++++ Given data

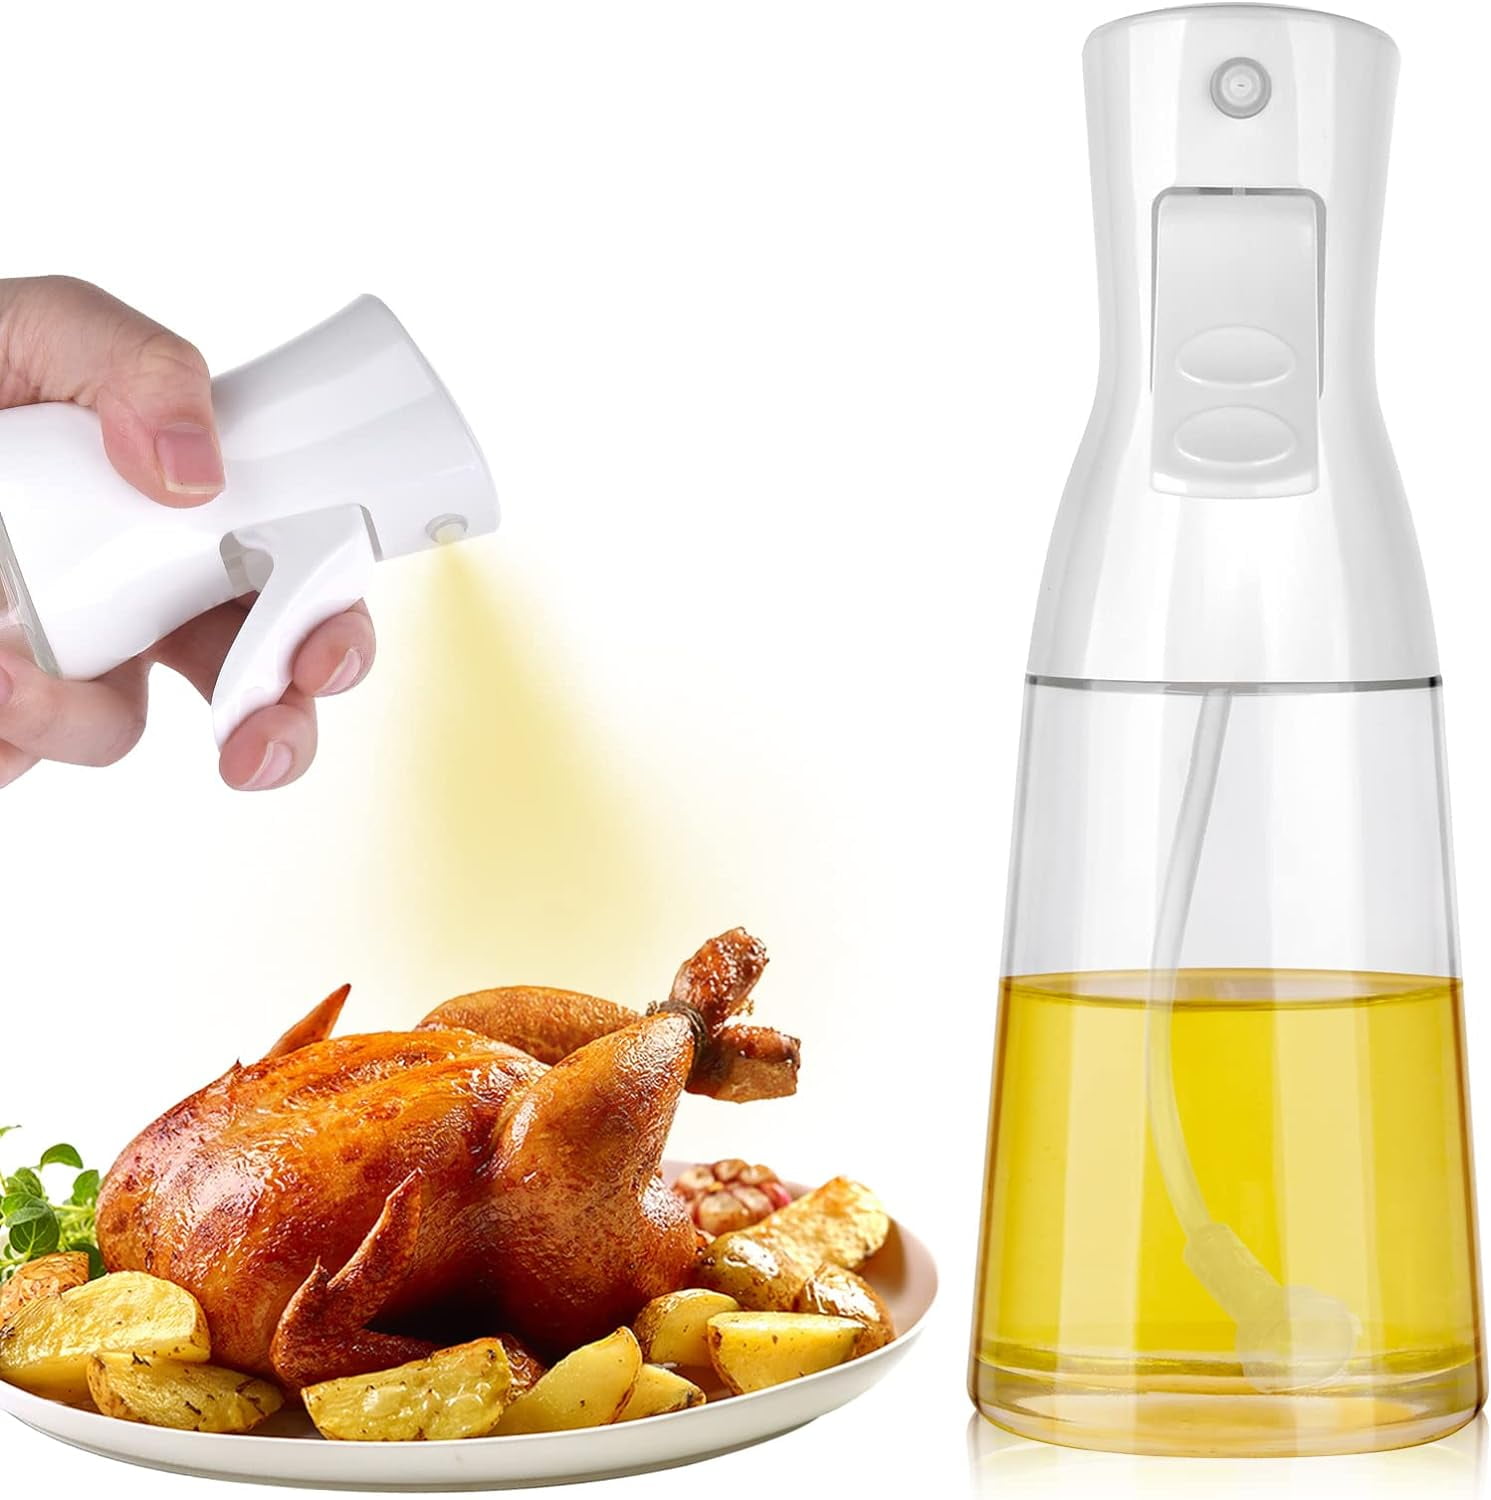 ATB-GIFT Glass Oil spray bottle, 7oz(200ML) olive oil sprayer for cooking,  Oil dispenser bottle for kitchen, Sprayer Mister for Salad, BBQ, Kitchen
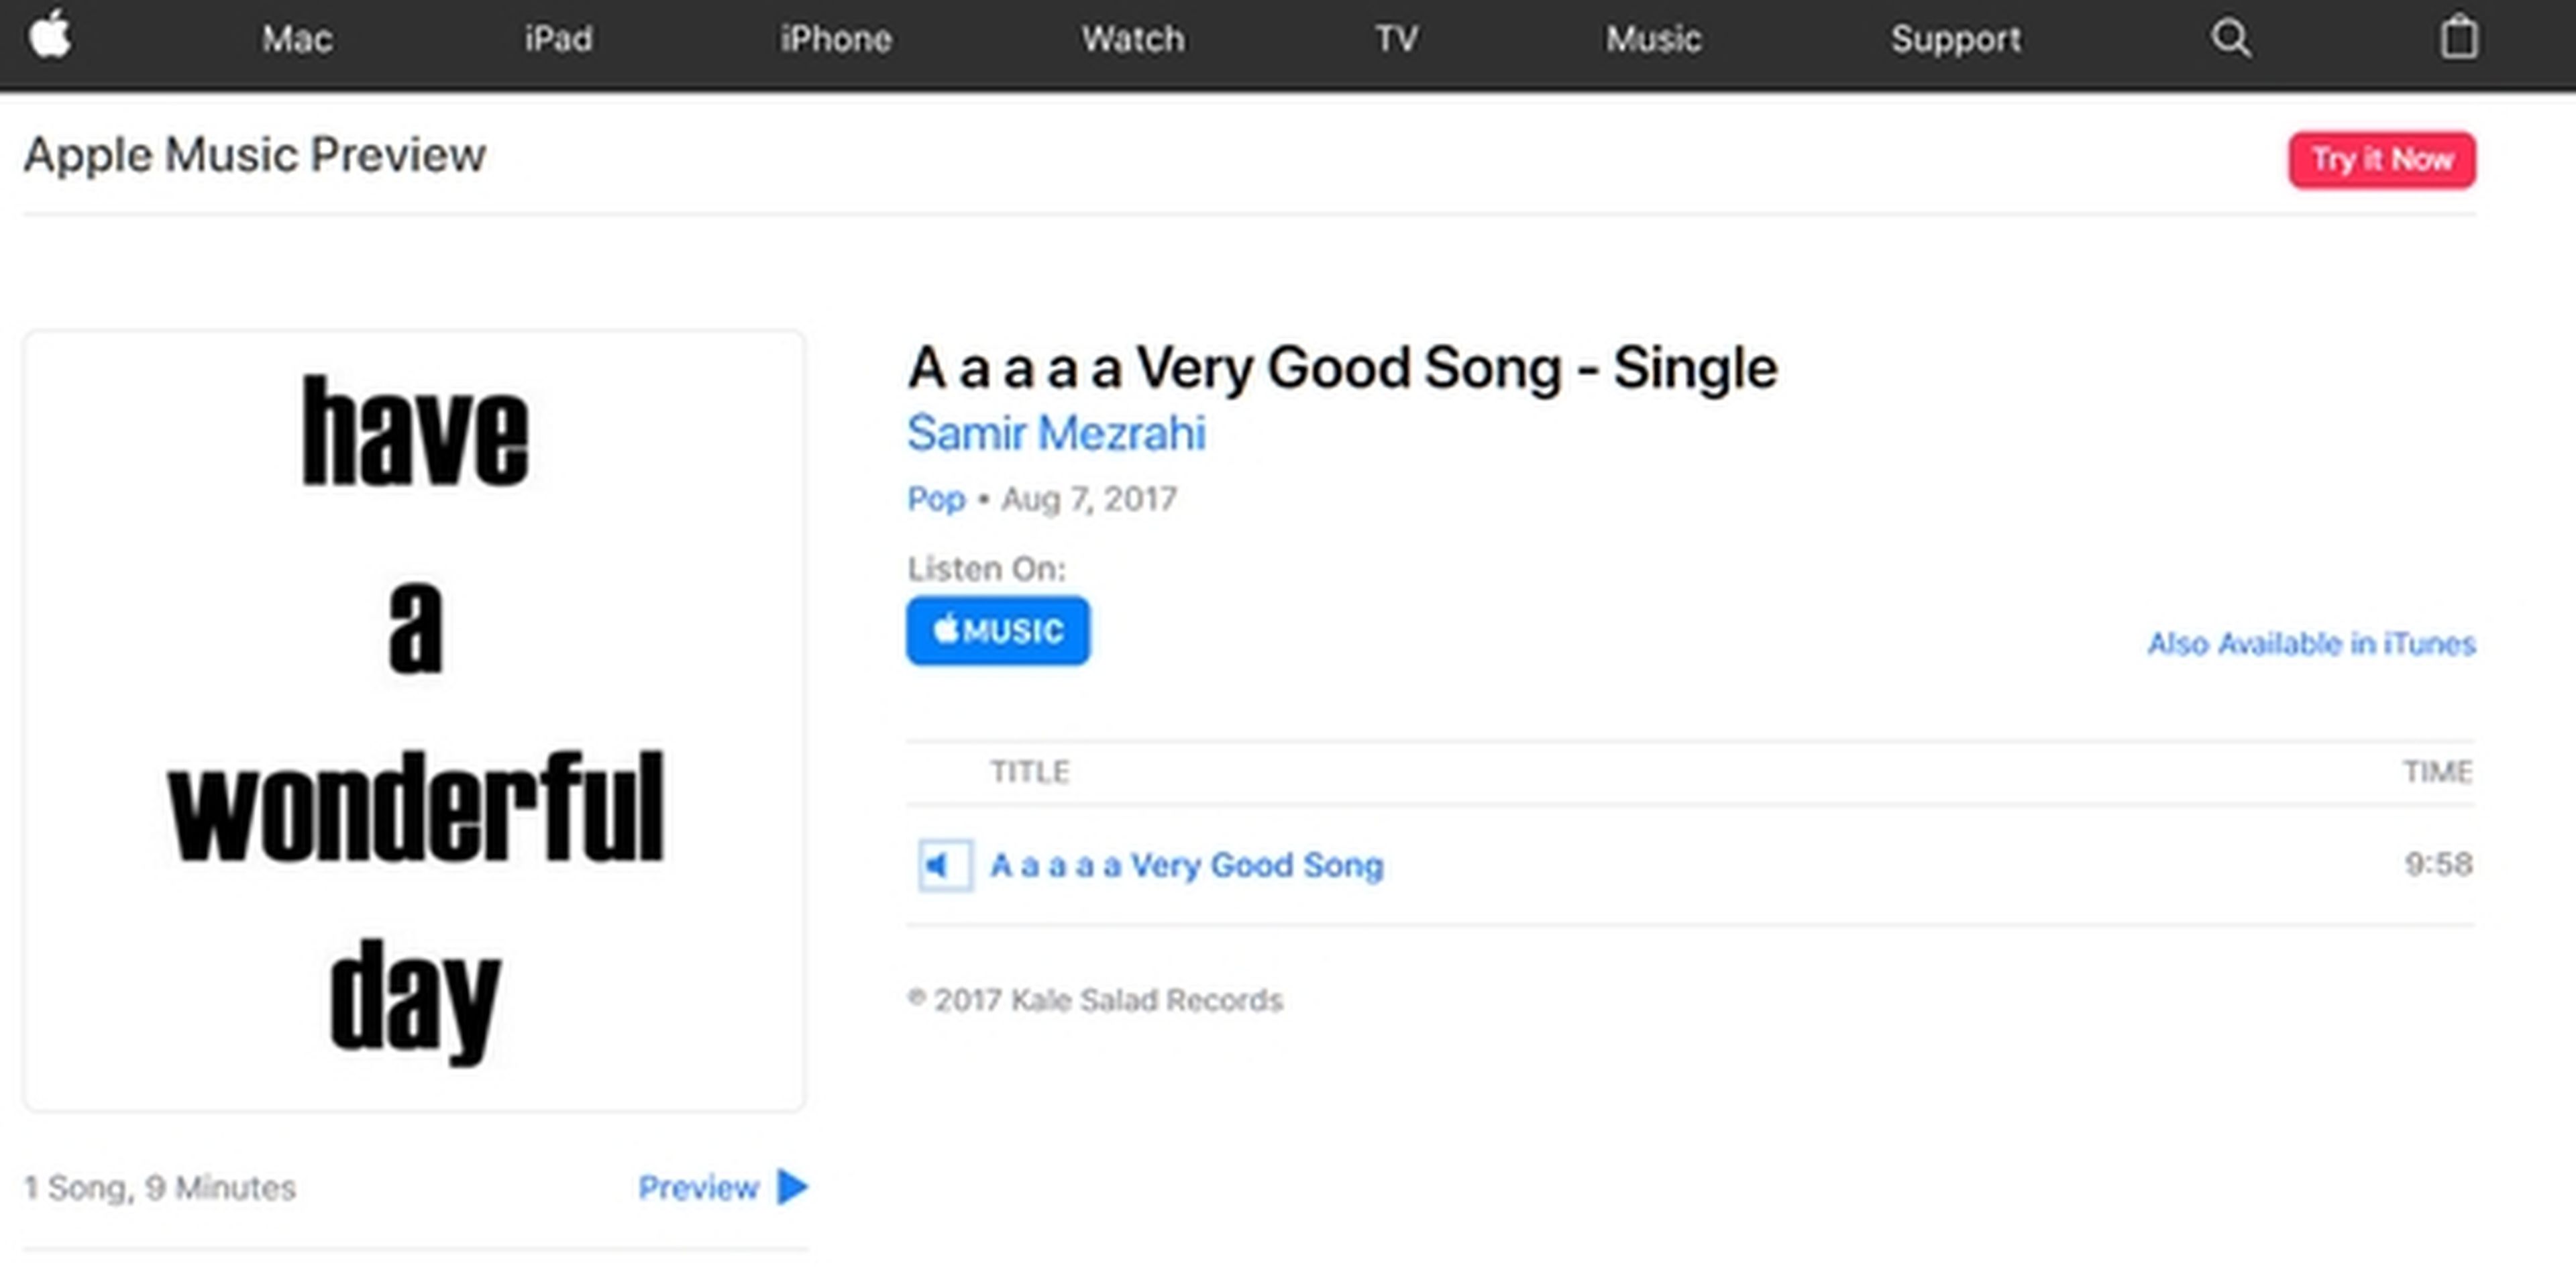 La canción A a a a a Very Good Song, que no tiene música ni letra, solo silencio, ha entrado en el Top 70 de las más vendidas en iTunes. ¿Quieres saber por qué?
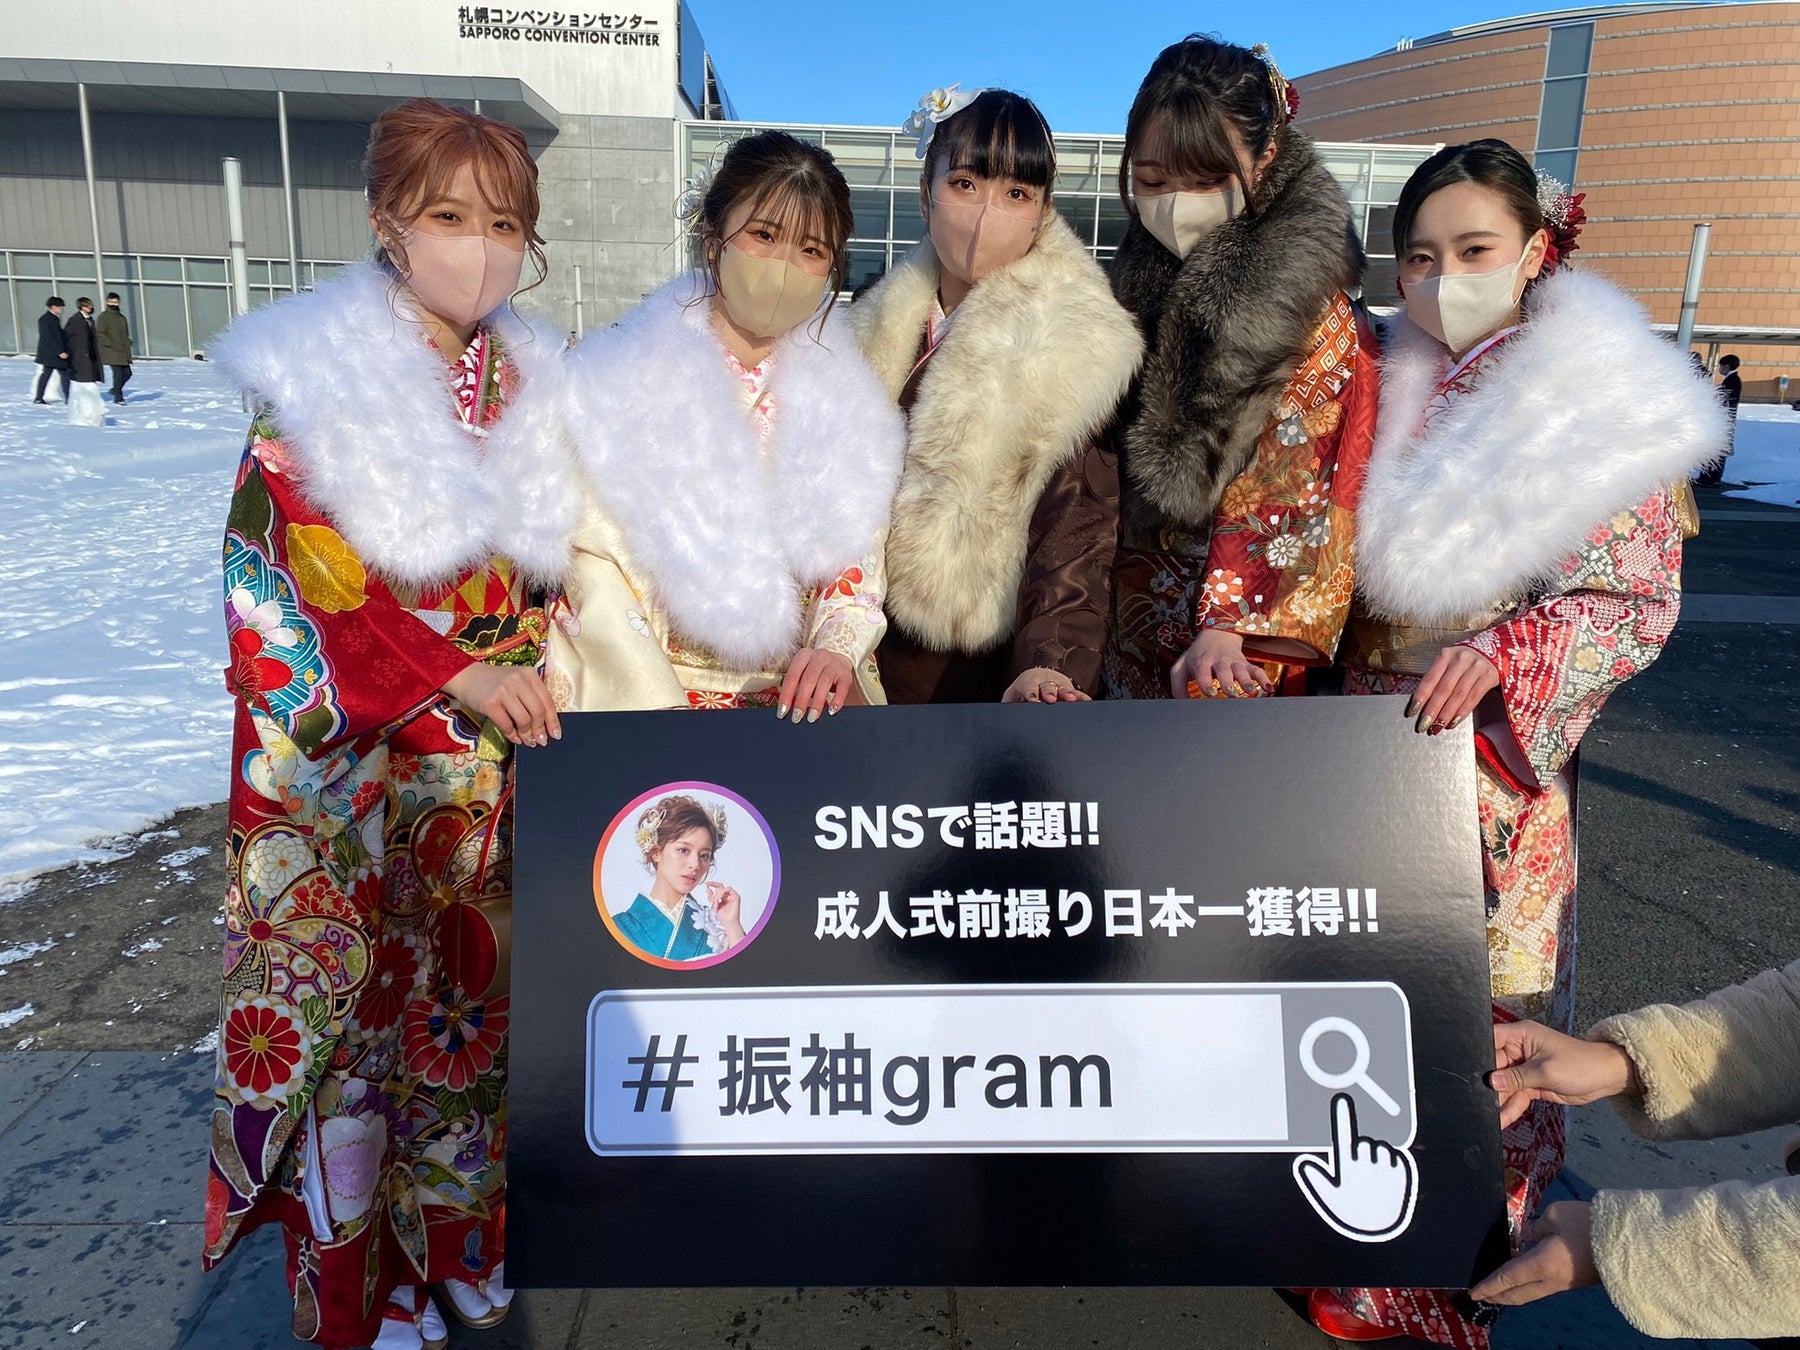 地元白石区の新成人の笑顔を残したい『#振袖gram』北海道札幌市白石区振袖記念写真プロジェクト企画のサブ画像7

++++++++

To do: In the copy, omit the pictures and give every line of the data exactly.

Task answer:
 ATB-GIFT Glass Oil spray bottle, 7oz(200ML) olive oil sprayer for cooking,  Oil dispenser bottle for kitchen, Sprayer Mister for Salad, BBQ, Kitchen
 La canción A a a a a Very Good Song, que no tiene música ni letra, solo silencio, ha entrado en el Top 70 de las más vendidas en iTunes. ¿Quieres saber por qué?
 地元白石区の新成人の笑顔を残したい『#振袖gram』北海道札幌市白石区振袖記念写真プロジェクト企画のサブ画像7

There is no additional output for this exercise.